The Brickyard, sometimes known as the Brickyard Mall, is a shopping mall located in the Belmont-Cragin community area of Chicago, Illinois, U.S. Built in 1977 as an enclosed shopping mall featuring J. C. Penney, Kmart, and Montgomery Ward, it was redeveloped in 2003 as a strip mall. The center's anchor stores are Jewel, Target, Marshalls, and Lowe's. The Brickyard is owned and managed by CBRE Group.

==History==
Maisel and Associates, a real estate company based out of Southfield, Michigan, worked with local developer Harry Chaddick to develop The Brickyard. Their research determined a need for a shopping mall on the northwestern side of Chicago, Illinois. The center was named The Brickyard because it was formerly on the site of a brickyard for the Carey Brick Company. After the brickyard closed in 1960, the Carey family turned the site into a ski resort named Thunder Mountain, opening in 1968. Thunder Mountain was the tallest ski slope for 200 miles at the time. After one season of operation, sparse snowfall and low interest led the Carey family to scrap plans to expand the ski slope operation and sell the property.

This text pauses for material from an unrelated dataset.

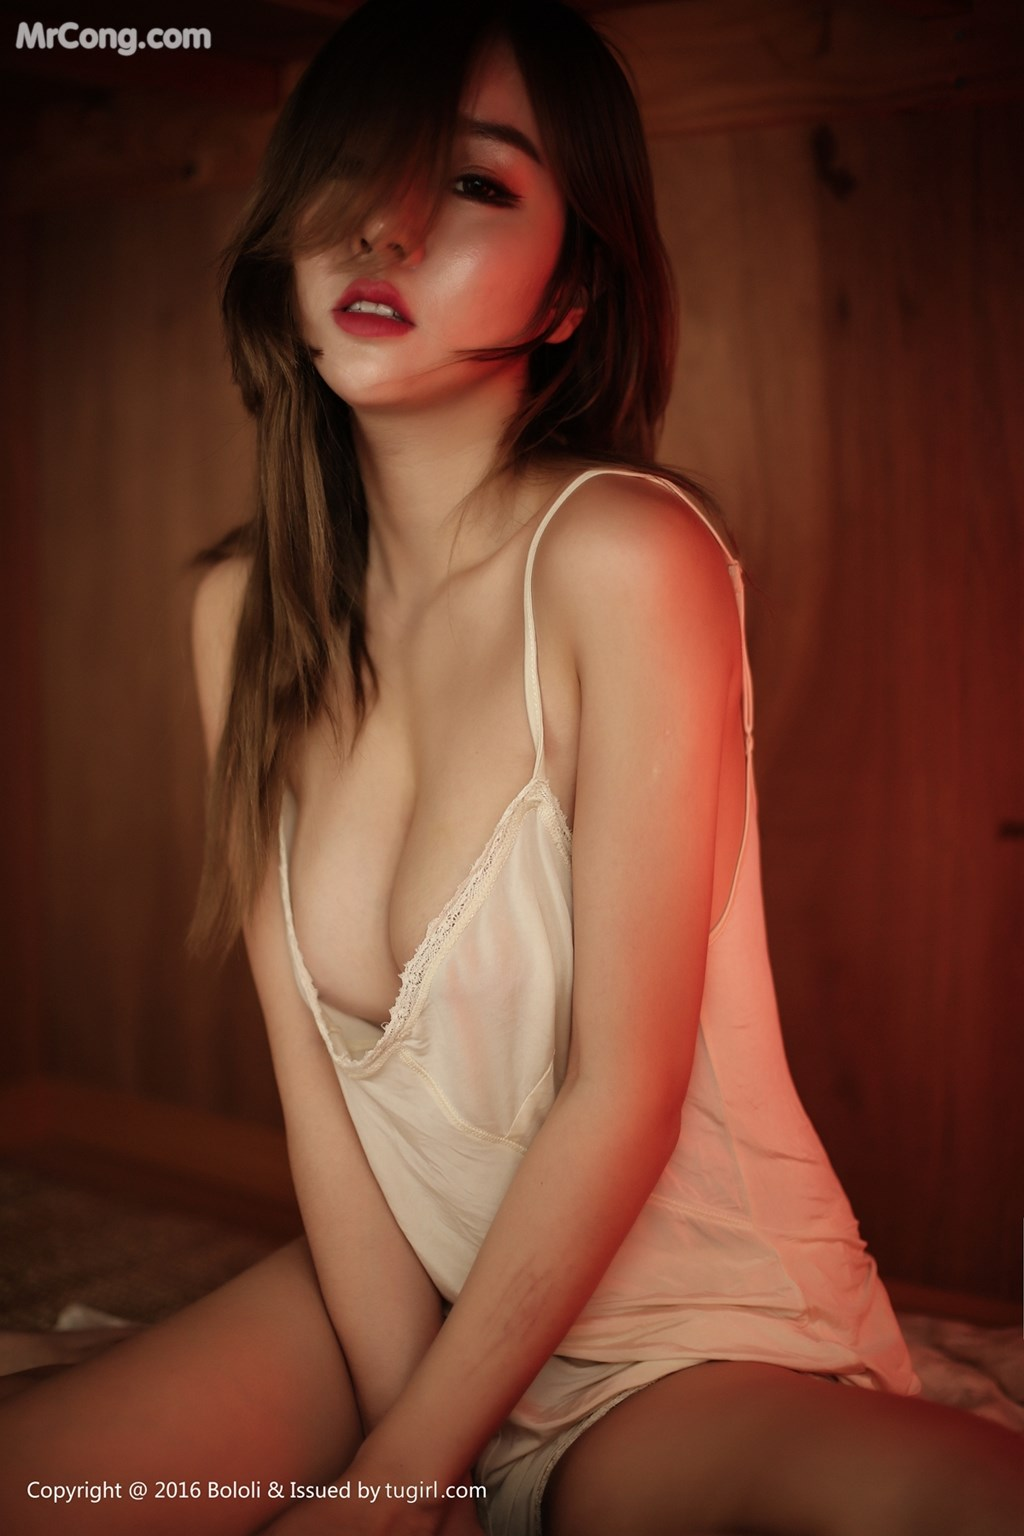 Gambar BoLoli-2017/08/14-Vol.102-Wang-Yu-Chun-MrCong.com-024 di BoLoli posting 2017/08/14 Vol.102: Model Wang Yu Chun (王 雨 纯) (49 foto)

Due to the elevation of the hill, the development of the mall is divided into sections. The first section of the mall to open was a "convenience center" featuring a Jewel supermarket and a Kmart discount store on either side of a strip mall. This section of the mall opened in 1977 while the second phase, a 100-store enclosed mall with Montgomery Ward and J. C. Penney, opened in 1979. Carson Pirie Scott was also considered for a third anchor store to the mall, but Maisel was unable to secure a lease for the chain.

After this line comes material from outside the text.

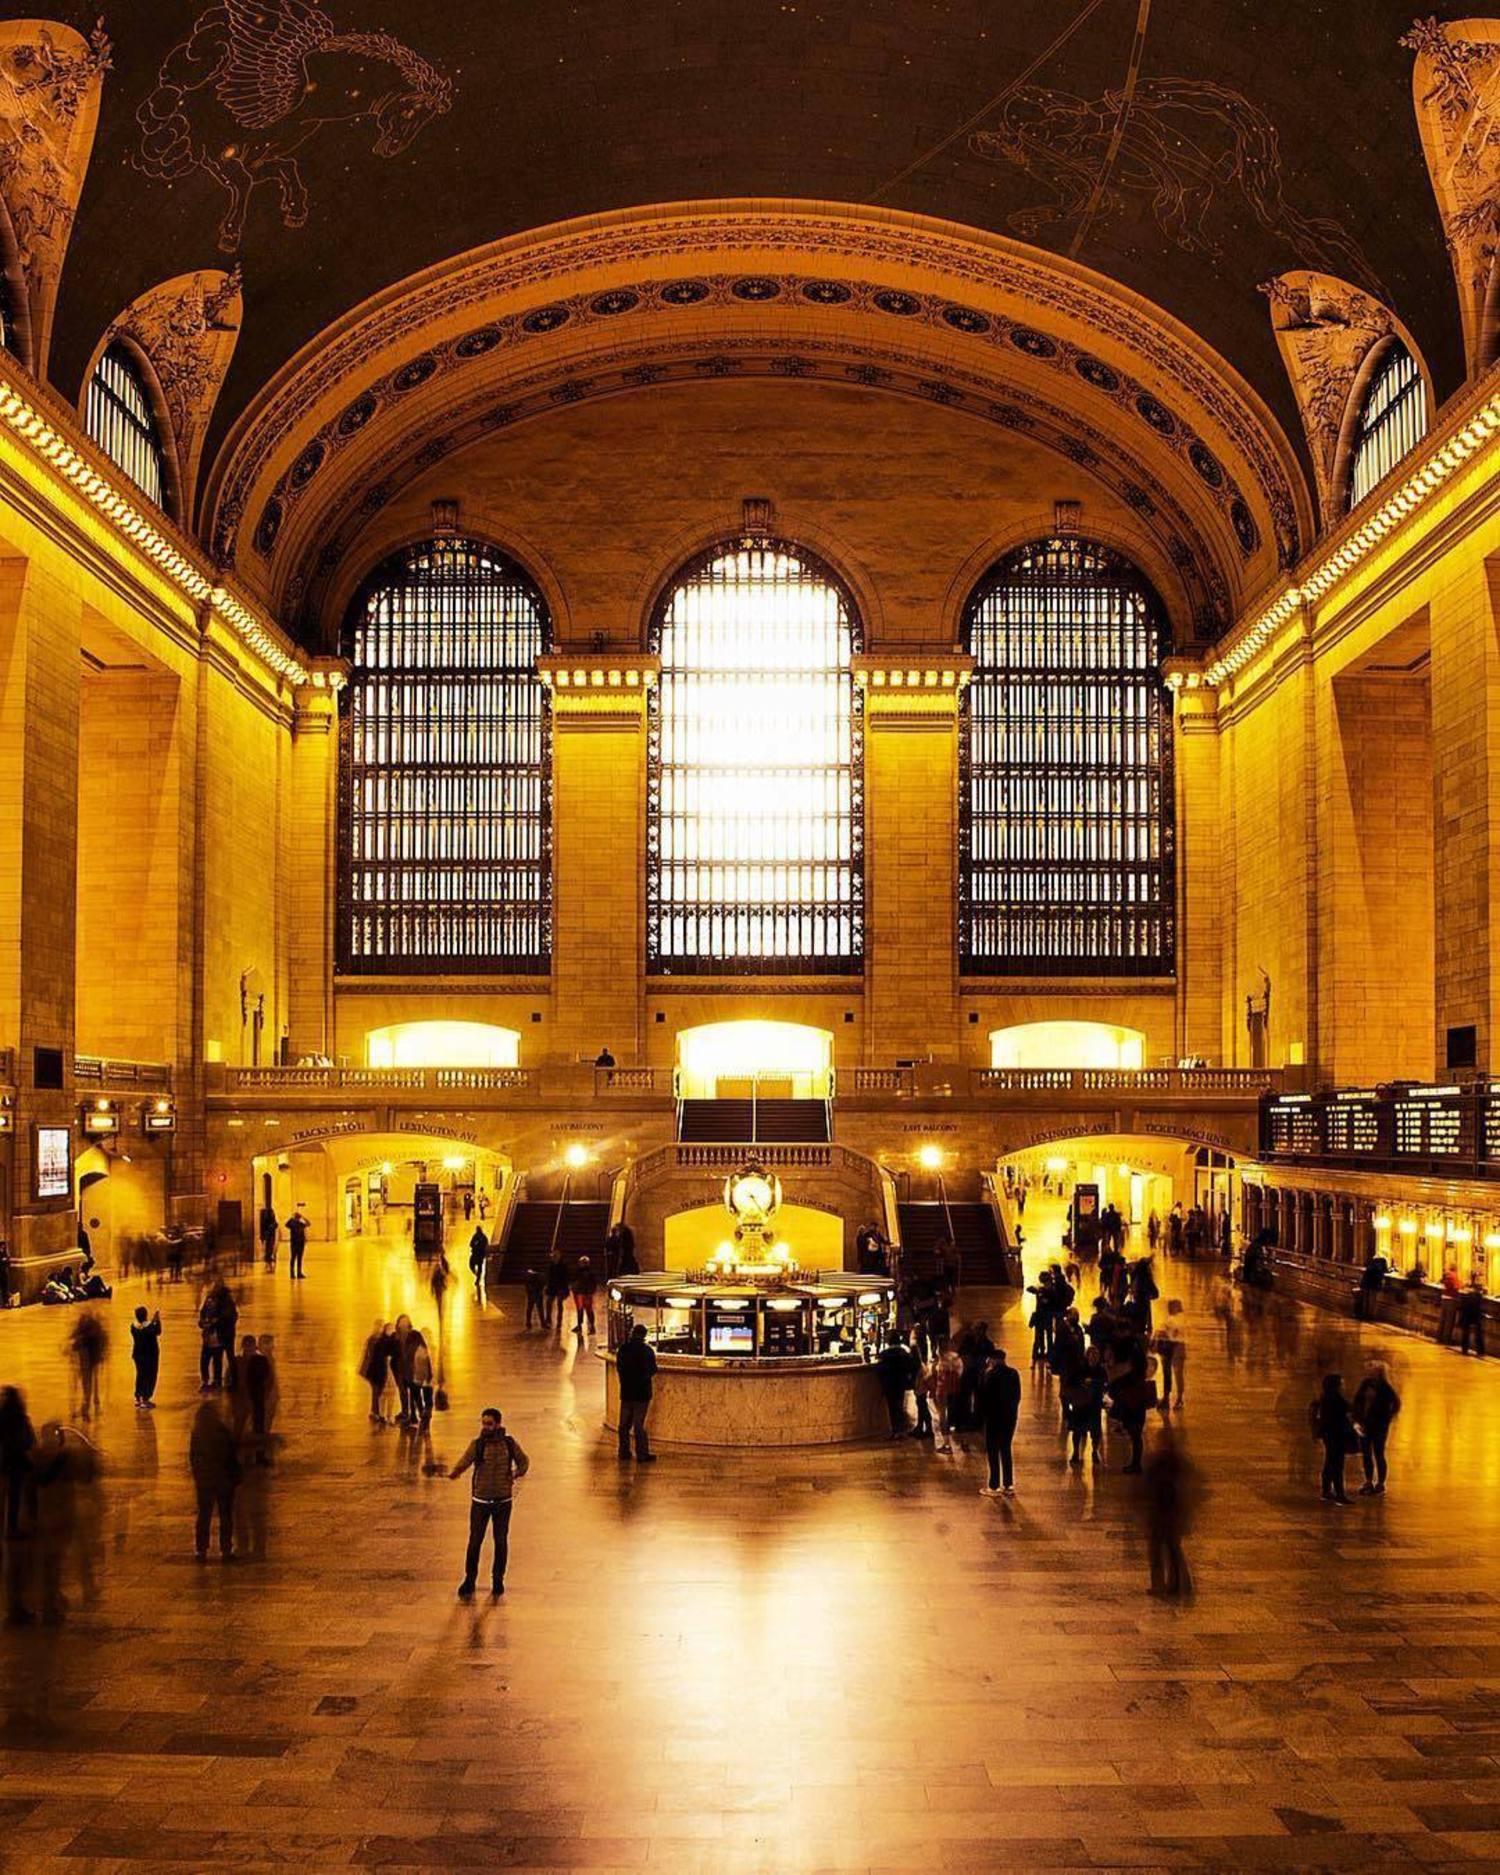 Grand Central Terminal. Photo via @photos_by_ricardo #viewingnyc #nyc #newyork #newyorkcity #grandcentral #grandcentralterminal

As the shopping mall did not encompass the entirety of the former brickyard, portions of it remained vacant until 1983, when the city of Chicago acquired a $10,000,000 grant to demolish the remaining unused portions of the former brickyard and sell the lot to Maisel and Associates for future mall expansion. MetLife bought the mall from Maisel and Associates in December 1986 for an undisclosed price. At the time, The Brickyard was 99 percent leased. As part of the acquisition, an adjacent strip mall called Bricktown Square also began immediately to the south; this center included Toys "R" Us, Frank's Nursery & Crafts, Sport Mart sporting goods store, and a six-screen cinema owned by Plitt Theatres.

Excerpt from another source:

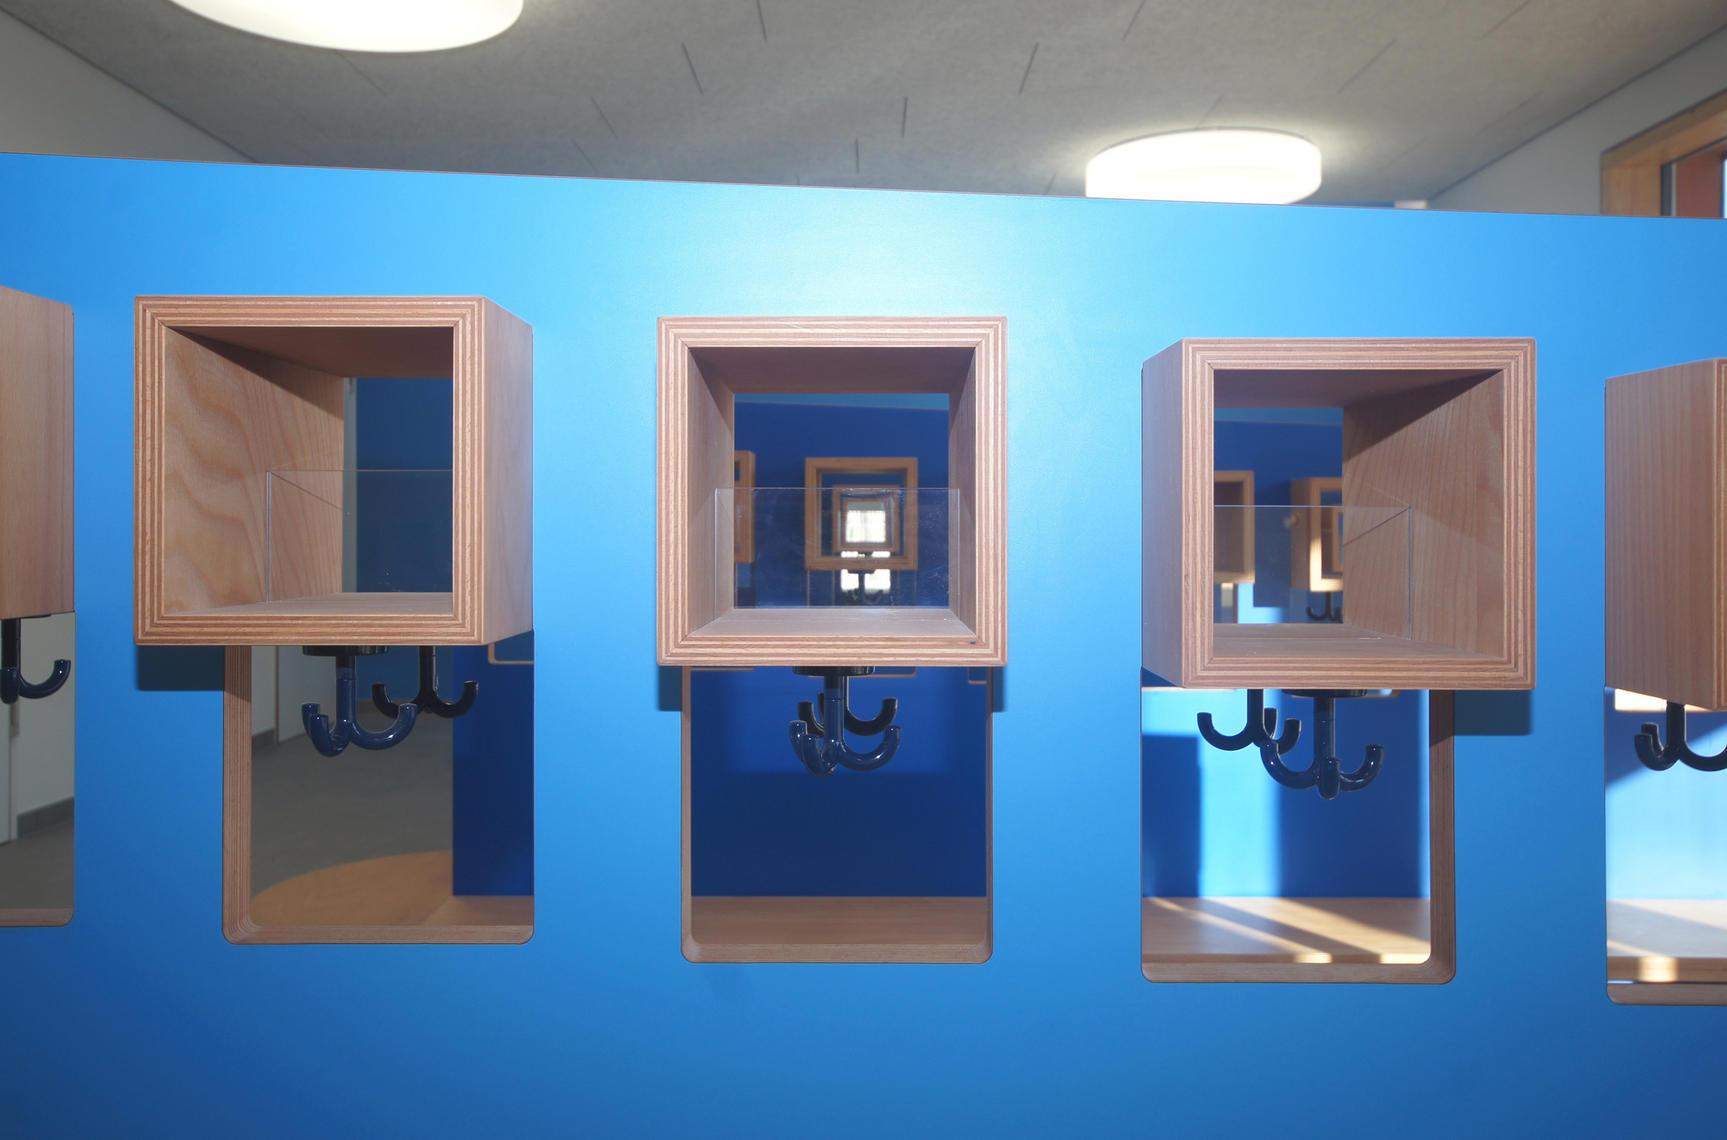 kinderhaus gomaringen orth architektur t bingen. Black Bedroom Furniture Sets. Home Design Ideas

In 1997, the Kmart at The Brickyard was the first in the Chicago area to be renovated into that chain's "Big Kmart" concept, which included a small grocery section. Despite this change, the mall saw a rapid decrease in tenancy at the end of the 20th century due to the bankruptcies of Kmart and Montgomery Ward, combined with the closure of J. C. Penney. By 2003, the mall was nearly 80 percent vacant, so the city council approved a $100,000,000 redevelopment plan to demolish the structure. Opening in its place would be a strip mall with Target and Lowe's, along with a relocated Jewel supermarket.

Whitehall Fund, which redeveloped the mall, sold it in 2004 to Inland Real Estate except for the Lowe's and Target stores, which were sold to those respective chains. The Brickyard is owned by CBRE Group.